2Pourquoi une telle référence à un éventuel miracle ? D’abord parce que le terme renvoie à un phénomène largement inexpliqué, en attente d’une analyse. Ensuite parce qu’il permet de qualifier un processus qui semble revêtir une portée éminemment positive : « contre toute attente », une « merveille » a été produite dans les « mâchoires d’une force brutale et absolue » (Ibid. : 8). Des parcelles familiales de l’arrière-pays jamaïcain aux religions afro-brésiliennes et afro-cubaines, de la musique de jazz de la Louisiane à la vitalité de la peinture haïtienne ou à la conscience historique des Marrons du Surinam (ce sont là les exemples énumérés par Michel-Rolph Trouillot), « les manifestations des cultures afro-américaines nous apparaissent comme le produit d’un perpétuel miracle ». 

(début de l’introduction au numéro)

Jean-Luc Bonniol

 

A propos de Jean-Luc Bonniol

Jean-Luc Bonniol est anthropologue et historien. Il est professeur émérite d’anthropologie à Aix-Marseille Université, membre du Centre Norbert Elias (UMR 8562 du CNRS). Il travaille à la Maison Méditerranéenne des Sciences de l’Homme (Aix-en-Provence), après avoir enseigné de 1973 à 1982 à l’Université Antilles-Guyane, résidant successivement en Guadeloupe et en Martinique. Il est membre du Comité International des Etudes Créoles et du Conseil de rédaction de la revue L’Homme.

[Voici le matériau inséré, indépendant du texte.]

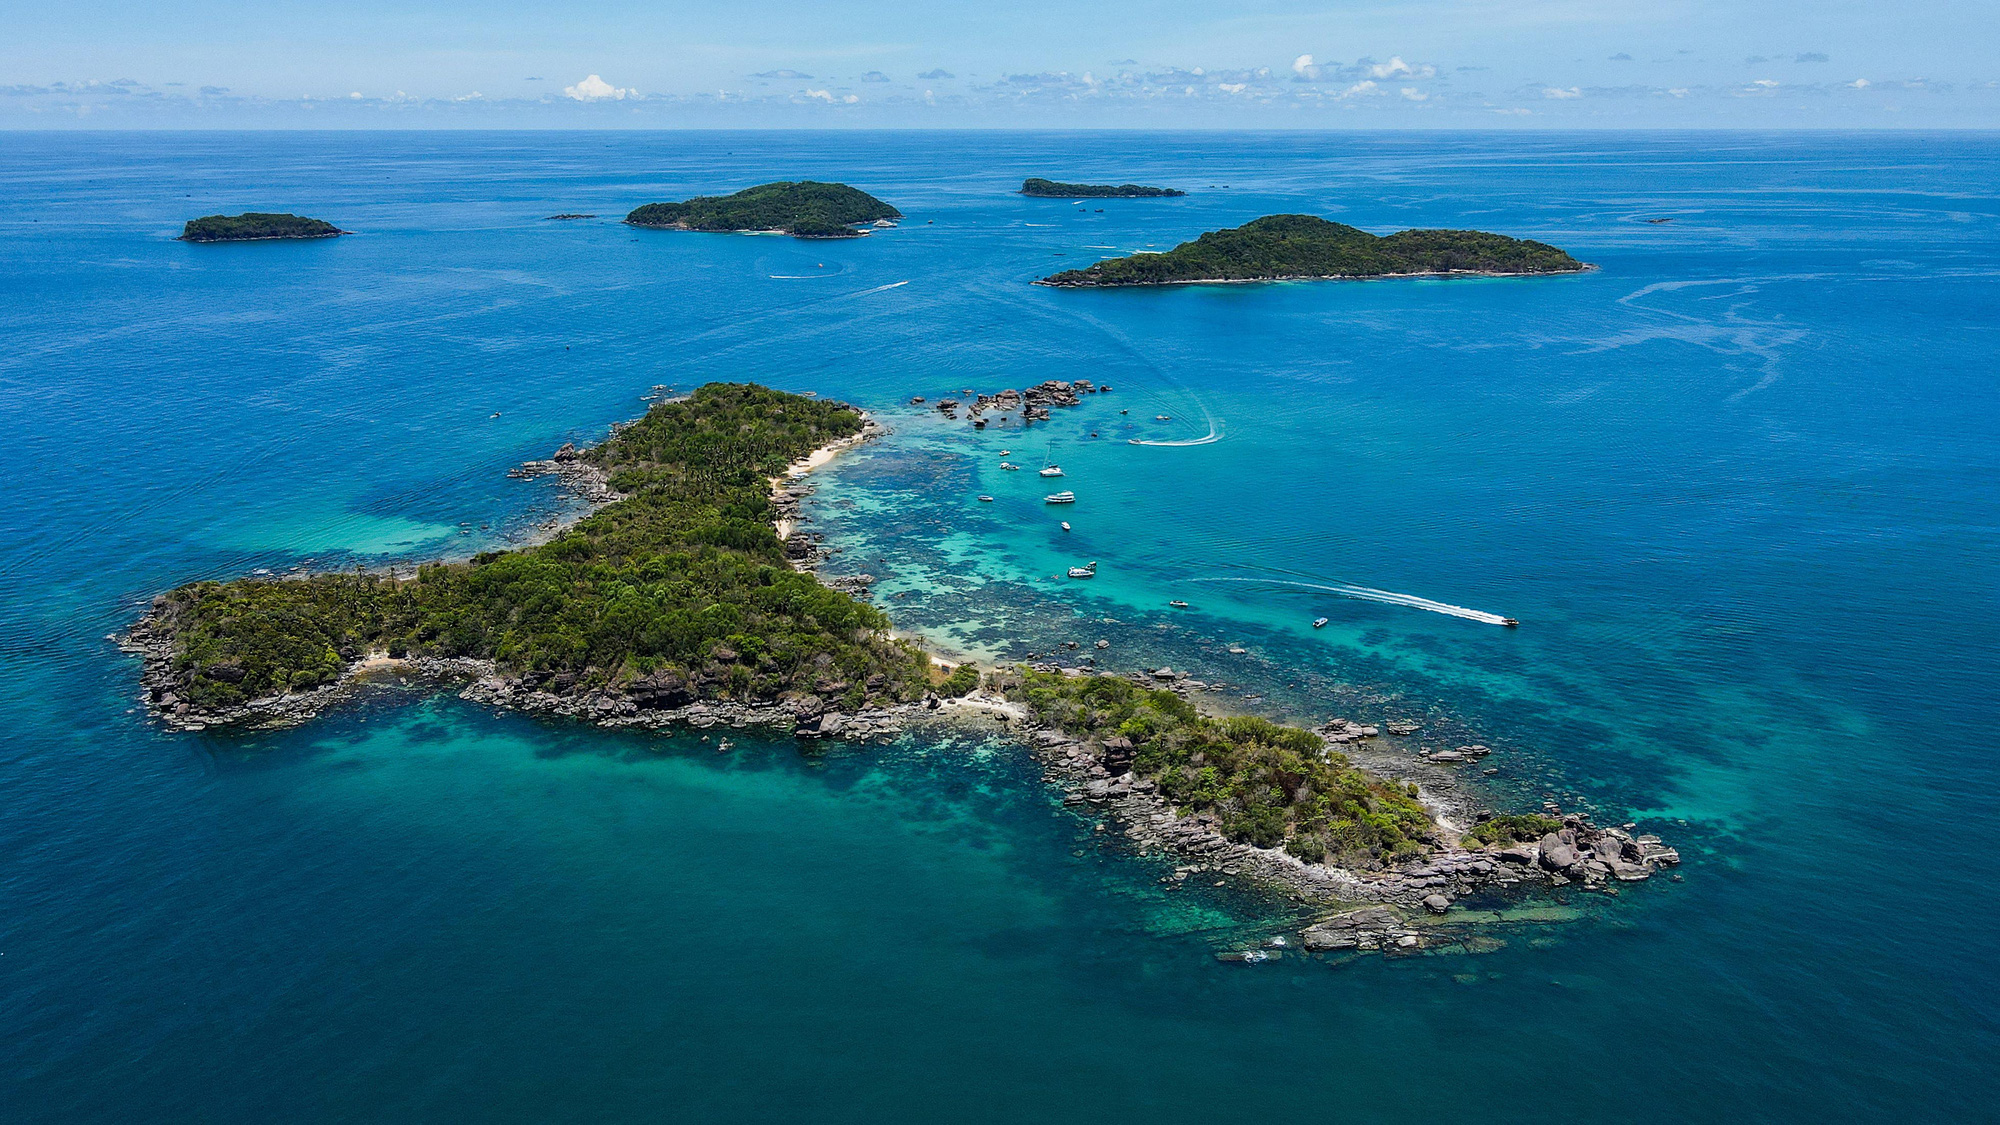 A bird’s eye view of islets located south of Phu Quoc island off the southern province of Kien Giang. Photo: Hoang Giam / Tuoi Tre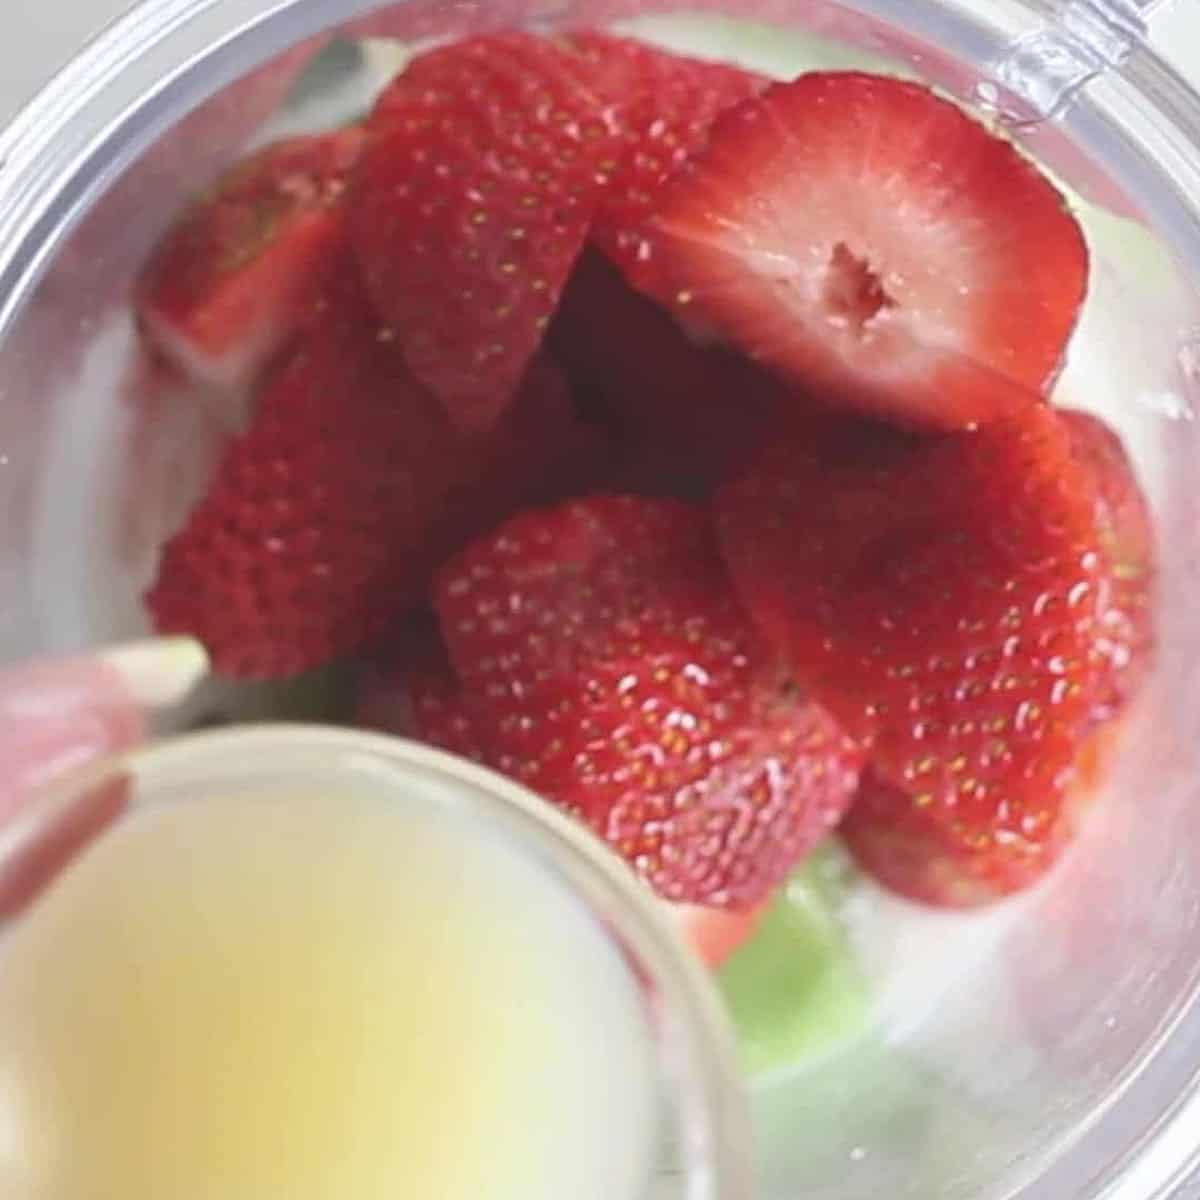 strawberries in a blender and a cup of lemon juice.

Son terrain principal, en tant qu’anthropologue,  a concerné les sociétés créoles, et de manière privilégiée les Antilles de colonisation française. Partant du cas spécifique de petites populations insulaires (Terre-de-Haut des Saintes, la Désirade), il  a poursuivi une réflexion au long cours sur l’objet  « racial » et la persistance des modes coloniaux de catégorisation dans les sociétés post-esclavagistes. Il a, dans cette ligne, abordé le thème du « métissage », envisagé tant du côté de la  dynamique des populations (saisie au travers des faits d’alliance et de procréation) que de ses représentations, tout en étendant sa réflexion au domaine du mélange culturel, ce qui l’a conduit à aborder au niveau théorique le thème de la « créolisation ». L’empreinte « colorée » de l’esclavage l’a également orienté, concurremment à la montée actuelle de fortes préoccupations sociales et identitaires à la fin des années 1990, vers la thématique de la mémoire de l’esclavage et, plus généralement, des représentations du passé.

Parmi ses publications, on peut citer :

1980 Terre-de-Haut des Saintes. Contraintes insulaires et particularisme ethnique dans la Caraïbe, Paris, Editions Caribéennes

1992 La couleur comme maléfice. Une illustration créole de la généalogie des « Blancs»  et des « Noirs », Paris, Albin Michel

2001 (ed.) Paradoxes du métissage, Paris, Editions du CTHS

2004 (ed., avec Maryline Crivello) Façonner le passéReprésentations et cultures de l’histoire (XVIe-XXIe siècle), Aix-en-Provence, Publications de l’Université de Provence.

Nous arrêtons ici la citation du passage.